Masih panas sekali telinga kita tentang apa yang diberitakan oleh media internasional baru-baru ini. Aksi
teror yang terjadi di paris yang merenggut korban tak bersalah menjadi keresahan masyarakat dunia berkat
pemberitaan media. Permintaan maaf, ajakan berdoa, hashtag-hashtag di media sosial, justifikasi,
pembenaran, pembelaan dan lain sebagainya mulai bertebaran di beranda-beranda virtual kita. Dan tentu kita
sepakat bahwa kejadian tersebut tidak dapat dibenarkan adanya. Aksi yang menghilangkan nyawa
masyarakat tak bersalah ini adalah sebuah tragedi. Kecaman adalah sebuah kepatutan yang harus diberikan
kepada pelaku. Dan terlebih lagi pelaku (in)telek- tual yang bersembunyi dibalik bayangan dan tertawa
dalam meja billiard ditemani minuman keras mahal dan wanita-wanita sewaan. Kaum elit biadab yang
mengambil keuntungan politik demi popularitas dan kenyamanan pribadi.

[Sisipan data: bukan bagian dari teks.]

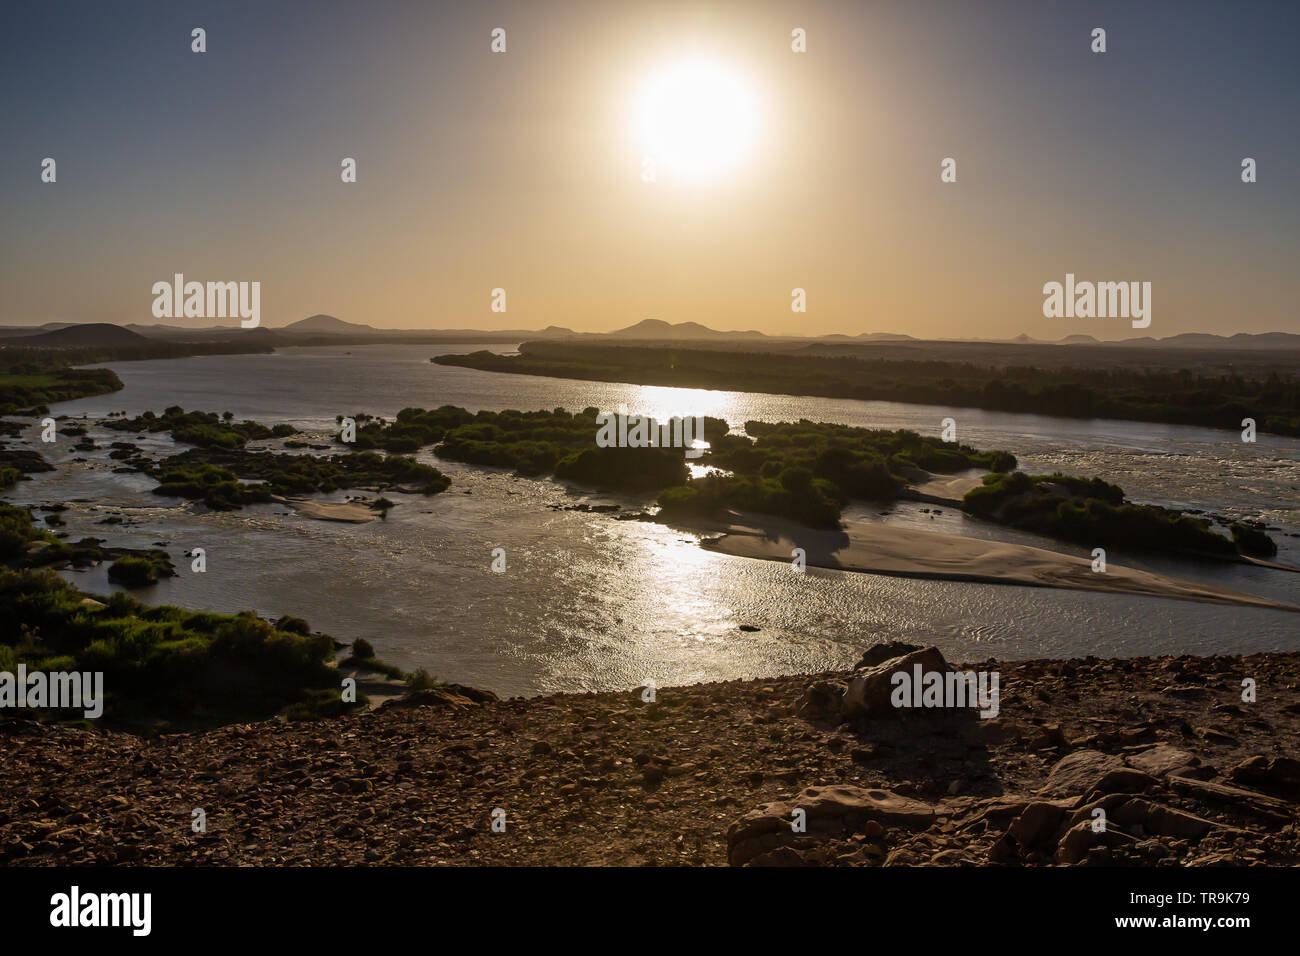 La sera presto sun si riflette vivacemente nelle acque del terzo Cataratta del Nilo nella regione nubiano sudanese Foto Stock

Peristiwa ini tentu berdampak pada berbagai macam hal. Ditengah kondisi dunia yang kian tak berbatas ini
masyarakat akan segera merespon apapun yang terjadi. Islam sebagai sebuah Agama yang sampai saat ini
terus memberikan sumbangsihnya kepada dunia kembali di uji. Posisinya sekali lagi dipertanyakan oleh
banyak orang termasuk pemeluknya. Apakah ia terdakwa, tersangka, terdampak atau bahkan yang terfitnah.
Kita tidak akan membahas apakah islam mengajarkan terrorism, pembunuhan orang yang tak bersalah dan
sekelumit hal keji lainnya. Karena sudah jelas islam tidak pernah mengajarkan hal tersebut.

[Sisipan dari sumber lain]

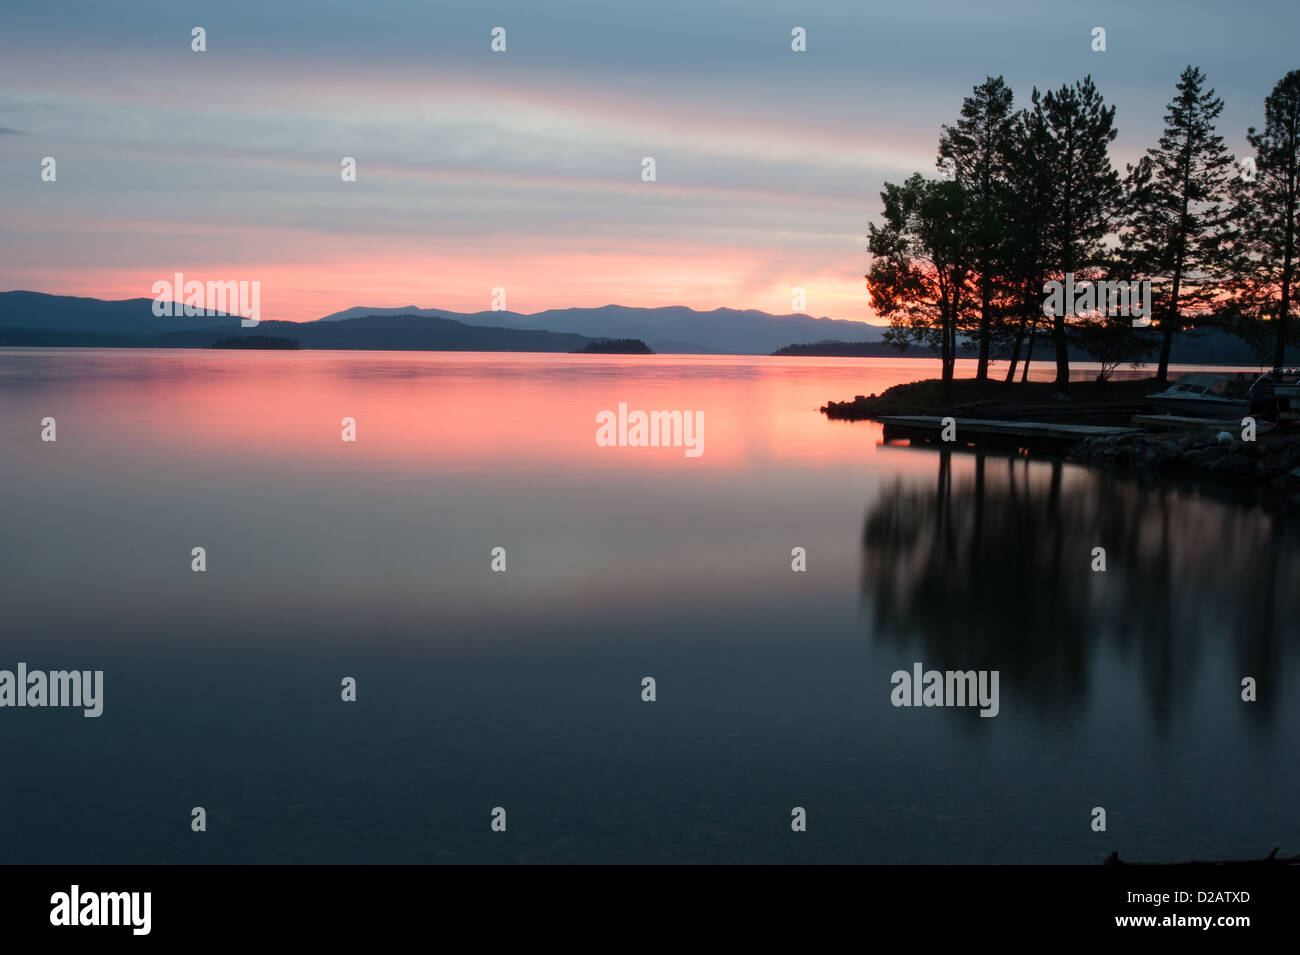 Summer sunset on Lake Pend Oreille in northern Idaho. Stock Photo

Bahasan tulisan kali ini adalah mencoba agar pembaca mengeluarkan ketertarikannya untuk mencari
kebenaran dan melihat hal yang lebih besar. Tidak tepat kita membandingkan antara aksi teror ini dengan
peristiwa di suriah, palestina, yaman dan lainnya. Karena semua sama-sama sebuah kejahatan kemanusiaan.
Namun tidak adil jika kita membesarkan sebuah peristiwa dan meninggalkan yang lainnya hanya agar bisa
dilihat lebih toleran.
Homogenisasi Negara, Sekulerisasi dan Islam
Dalam tulisan Francis Fukoyama dengan judul- the end of history- ia menjelaskan tentang pandangannya
tentang kondisi dunia di akhir zaman. Dia melihat adanya upaya-upaya untuk meng-homogenisasi
keberadaan negara-negara yang ada di dunia. Baik itu dari sistem politik, ekonomi, budaya bahkan cara
pandang masyarakt dunia terhadap dunia itu sendiri.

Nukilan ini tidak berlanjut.